An Israeli citizen, the child’s deceased mother, had married in a civil ceremony in Sweden. After the couple divorced there, too, a Swedish court awarded them joint custody of the child. The mother brought the child to Israel to visit her family but never returned. The father eventually agreed to the child remaining in Israel but kept in regular phone contact with the child who visited Sweden every Summer. After the mother’s death when the child was 8, the boy moved in with his maternal grandparents, who lived adjacent to them, against his father’s wishes.

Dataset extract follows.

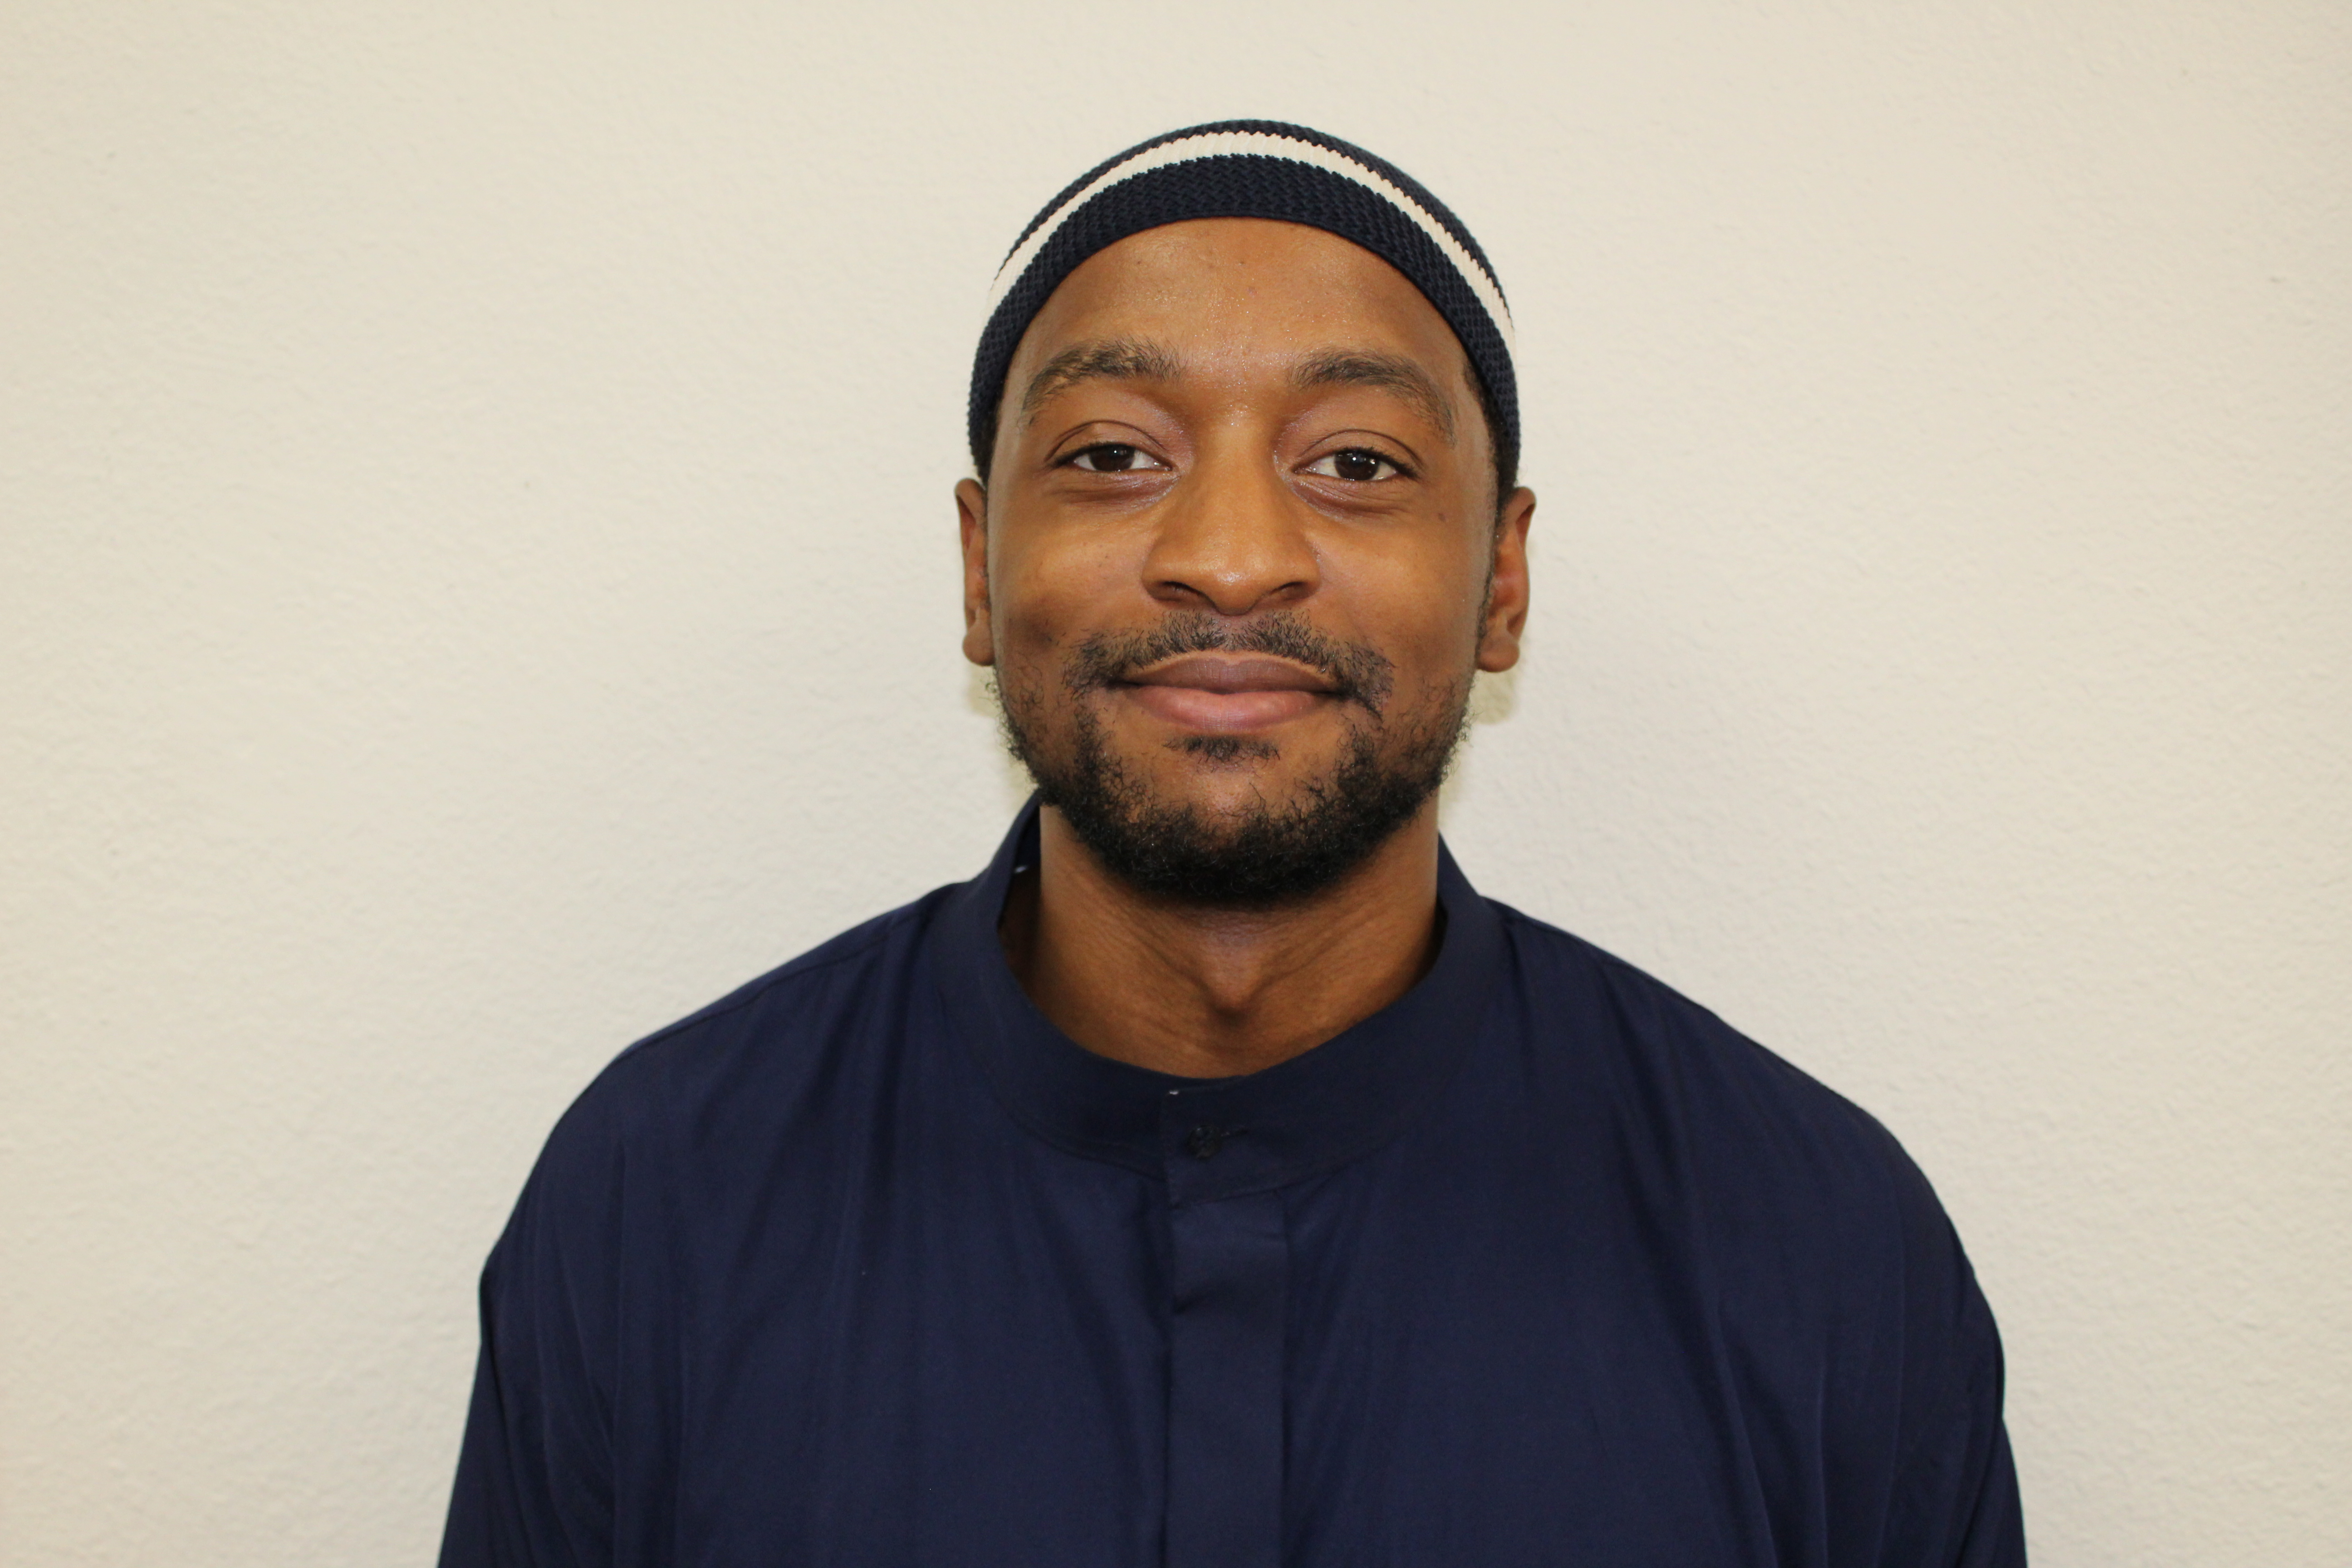 Abdul Malik Muhammad

The court held that no exceptionally weighty reasons were found that justified preventing the father from gaining custody. He was said to be a positive person who had made suitable domestic and schooling arrangements for his son’s move to Sweden. It ordered psychological counselling to help prepare the child ,who loved his father and was well-balanced, for his new life. His worries about changing his lifestyle were normal, could be overcome and took second place to his father’s natural right to bring up his son, the court held.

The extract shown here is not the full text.